Building A Data Mesh With Starburst

Data mesh is a new, decentralized approach to data that allows end-users to easily access data where it lives without a data lake or data warehouse. Domain-specific teams manage and serve data as a product to be consumed by others. Its objective is to allow for data products to be created from virtually any data source while minimizing intervention from data engineers.

Data mesh has four principles to achieve this objective. The principles are:

Domain-Oriented Ownership
Data as a Product
Self-Service Data Infrastructure
Federated Computational Governance

Starburst can be used to achieve a data mesh. The following sections outline how Starburst can be used in alignment with each of the four principles of data mesh.

Domain-Oriented Ownership

In a data mesh, data teams are organized by domain, which is another word for the subject area. Teams publish data products that other teams can access and use to derive their own new data products. Starburst’s goal is to allow teams to focus less on building infrastructure and data pipelines around serving data products and more on using familiar tools such as SQL to prepare data products for end-users.

To achieve this, Starburst provides a large set of connectors that allows each domain to connect to data wherever and in whatever format it may live using a SQL query interface.

Figure 1 shows various example data sources that can be accessed from Starburst.

*Figure 1: Example data sources in Starburst*

‍

Data as a Product

After connecting to a data source in Starburst, Starburst allows you to curate data products from it for other users to access.

Users can browse the published data products as shown in Figure 2.

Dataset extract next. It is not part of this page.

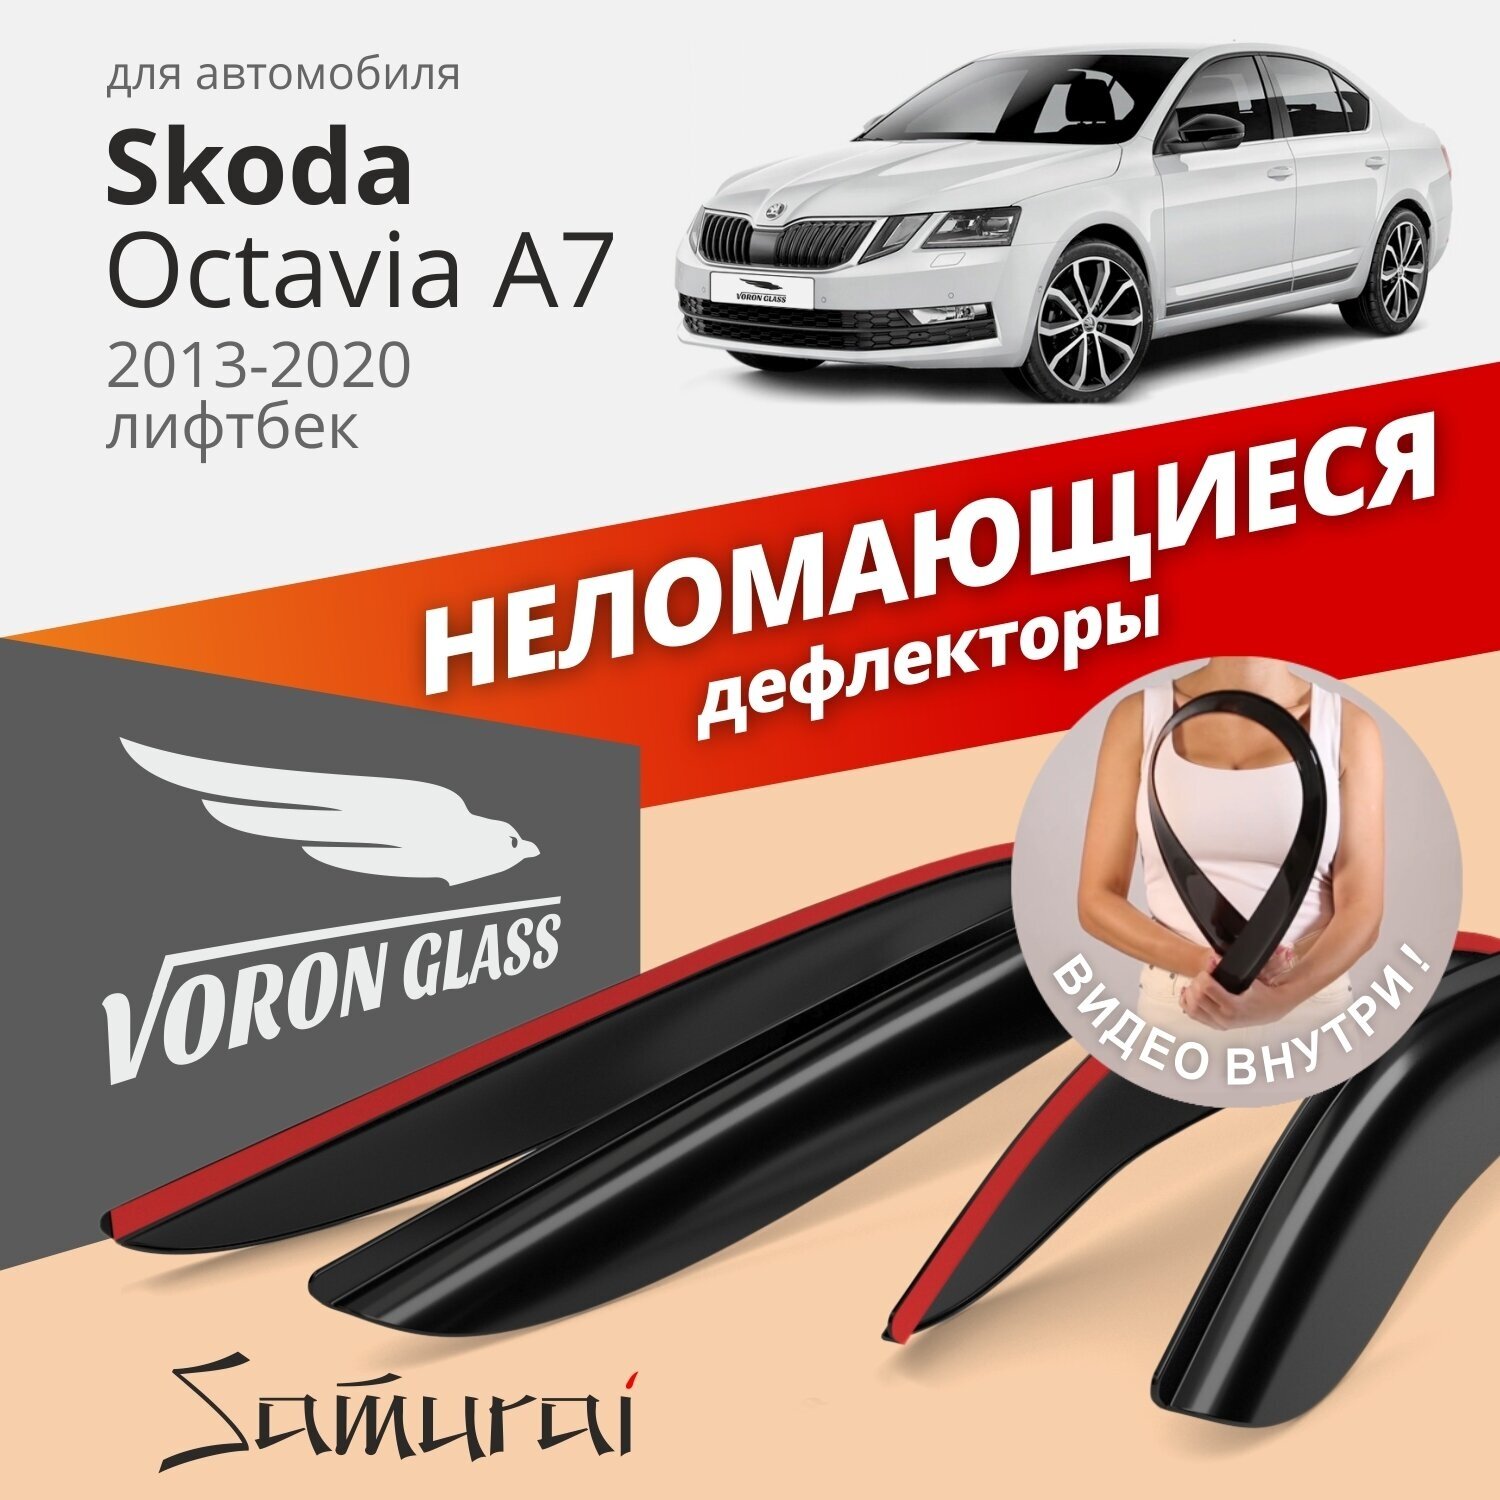 Дефлекторы окон неломающиеся Voron Glass серия Samurai для Skoda Octavia A7 2013-2020 лифтбек накладные 4 шт.

*Figure 2: Example data products created from data sources in Starburst*

‍

Self-Service Data Infrastructure

Starburst’s SQL query interface allows users to discover, understand, and evaluate the trustworthiness of data products. Figure 3 shows an example of using the SQL query interface to query an Amazon S3-based data product.

*Figure 3: Querying an S3 file in Starburst*

‍

Using the SQL query interface, you can also join data products from different technologies together. For example, Figure 4 shows an example of joining together a PostgreSQL-based data product with an Amazon S3-based data product on a common field. The result of this join can be considered a new, derived data product that can also be registered in Starburst.

*Figure 4: Deriving a new data product from different technologies using Starburst*

‍

Federated Computational Governance

Data mesh proposes a federated model for data governance that focuses on shared responsibility between the domains and the central IT organization in order to adhere to governance, risk, and compliance concerns while allowing adequate autonomy for the domains.

Starburst provides connectors and access to various data governance and data catalog tools such as Collibra and Alation to help users discover, understand, and evaluate the trustworthiness of data products.

Starburst also significantly reduces the need to create copies of data between systems as Starburst’s query engine can read across data sources and can replace or reduce a traditional ETL/ELT pipeline. Copying data also requires reapplying entitlements, which can result in potential opportunities for a data breach; with Starburst that risk is minimized simply because fewer copies of the data will exist since data is mostly queried at the source. This concept, known as data minimization, means data privacy, security, and governance are more achievable goals in organizations that embrace Starburst together with data mesh.

‍